Data section
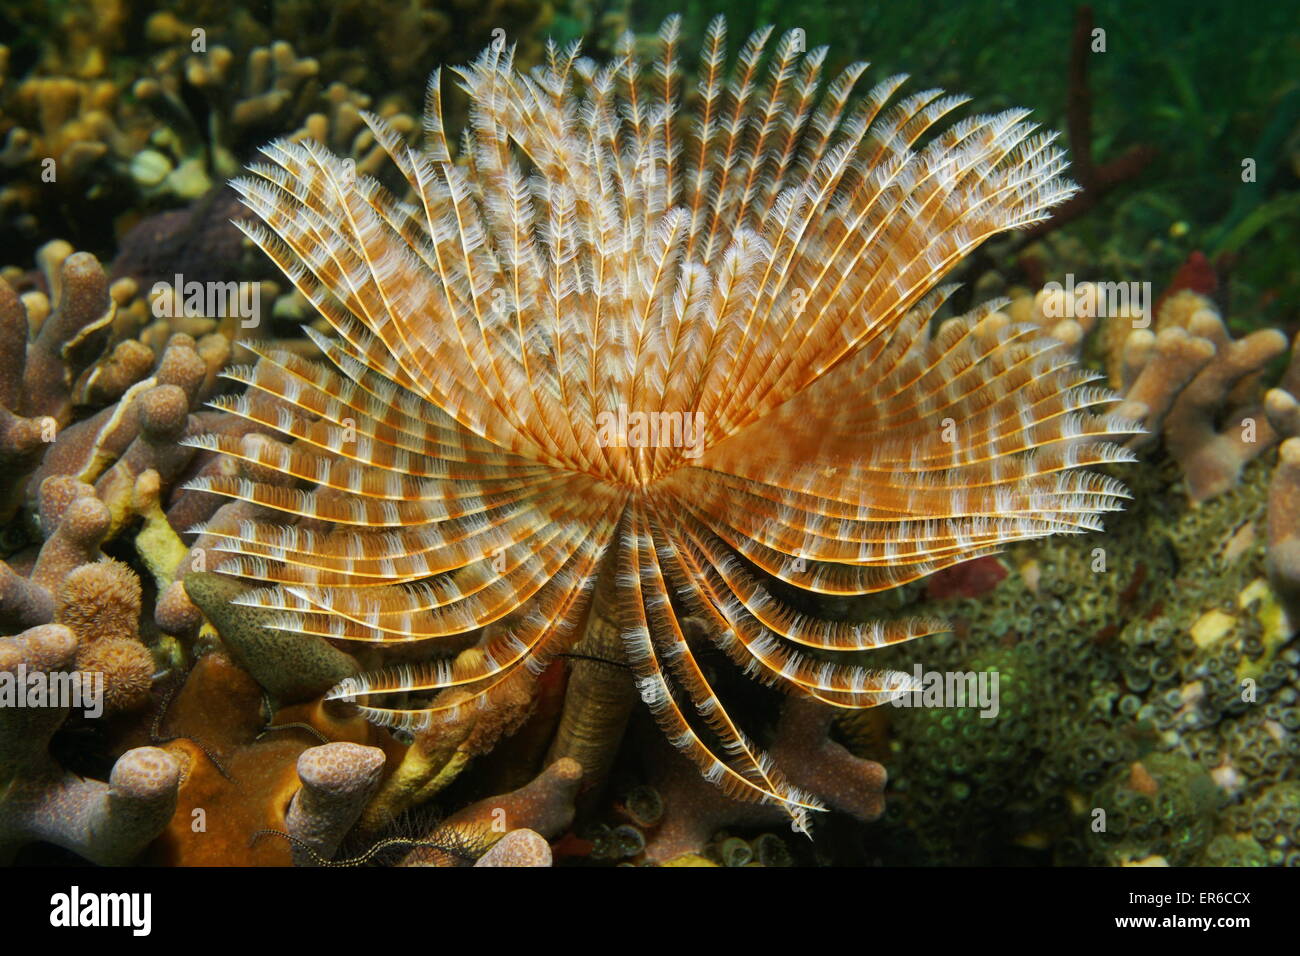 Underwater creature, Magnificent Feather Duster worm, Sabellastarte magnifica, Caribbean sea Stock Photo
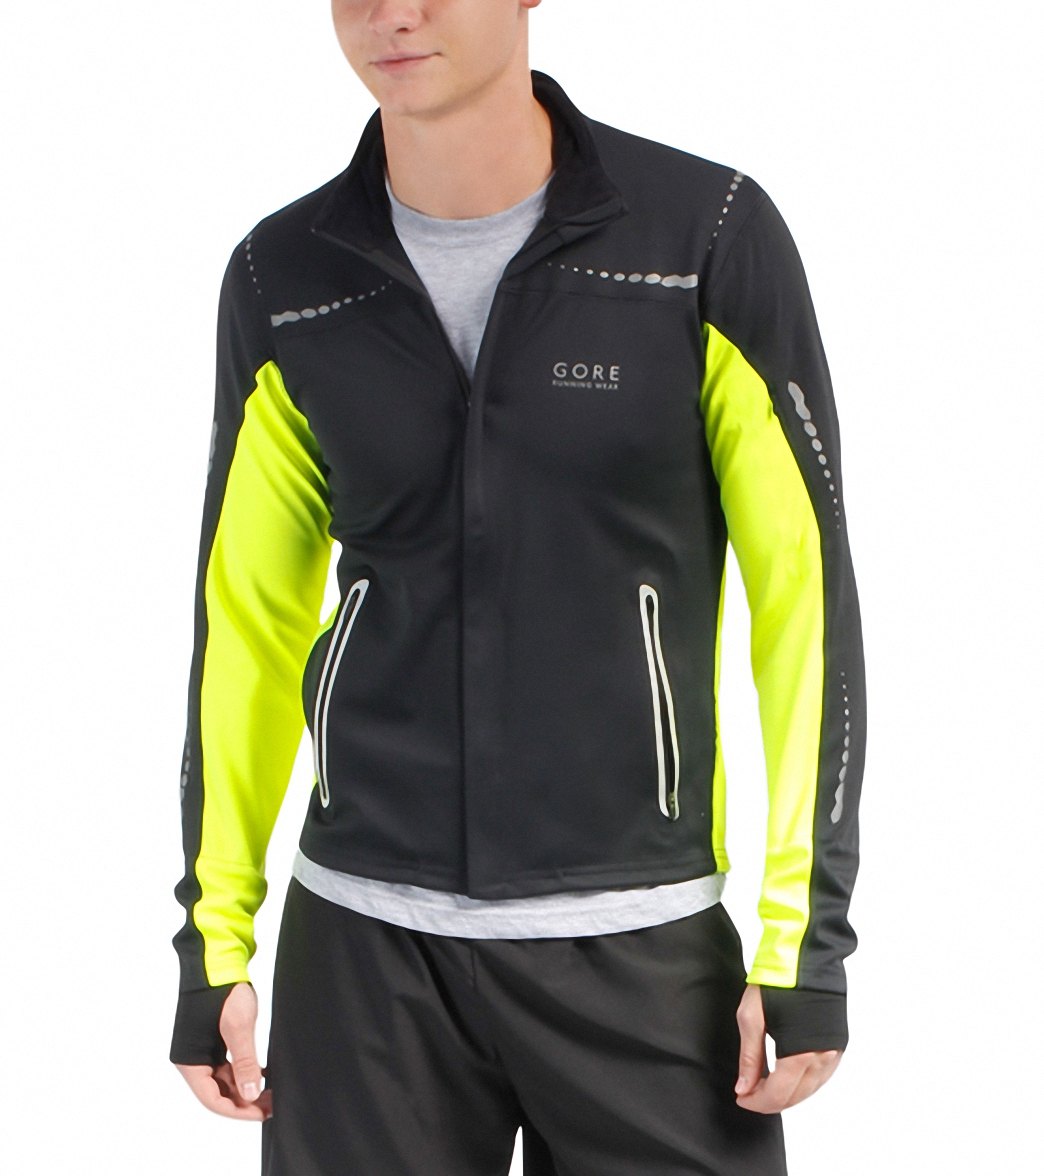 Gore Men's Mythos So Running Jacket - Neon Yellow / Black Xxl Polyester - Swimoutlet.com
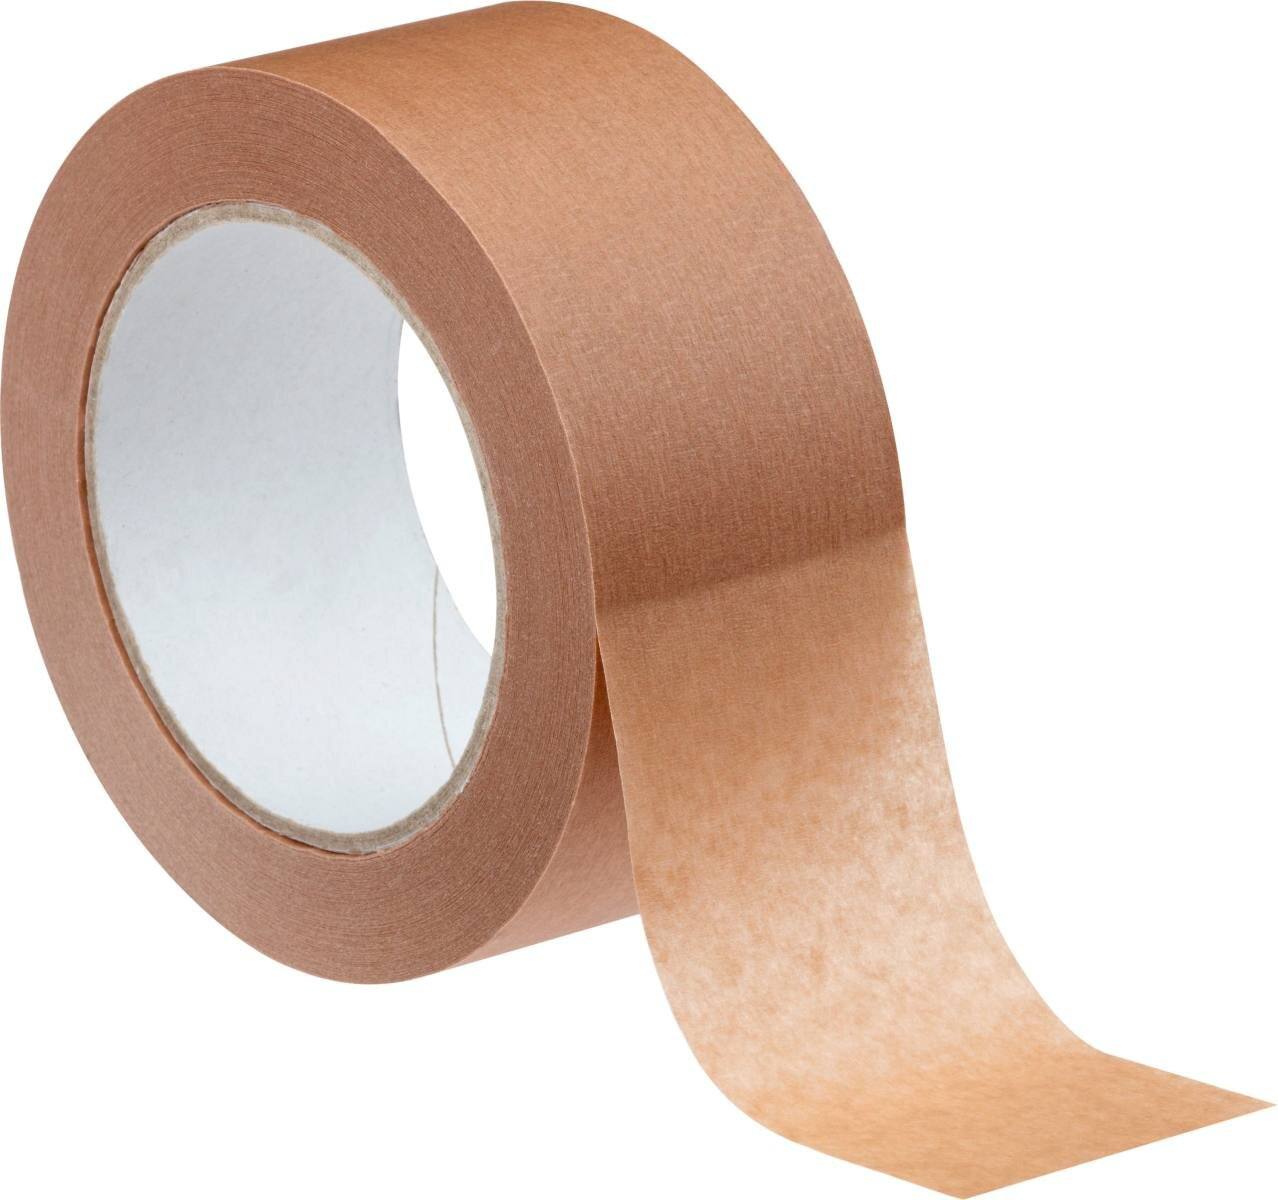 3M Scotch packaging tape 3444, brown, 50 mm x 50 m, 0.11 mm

Task prompt
Beginning at the line containing "Gore Men's Mythos", restate every line through the end of the material above exactly; omit the pictures.

Answer
 Gore Men's Mythos So Running Jacket - Neon Yellow / Black Xxl Polyester - Swimoutlet.com
 3M Scotch packaging tape 3444, brown, 50 mm x 50 m, 0.11 mm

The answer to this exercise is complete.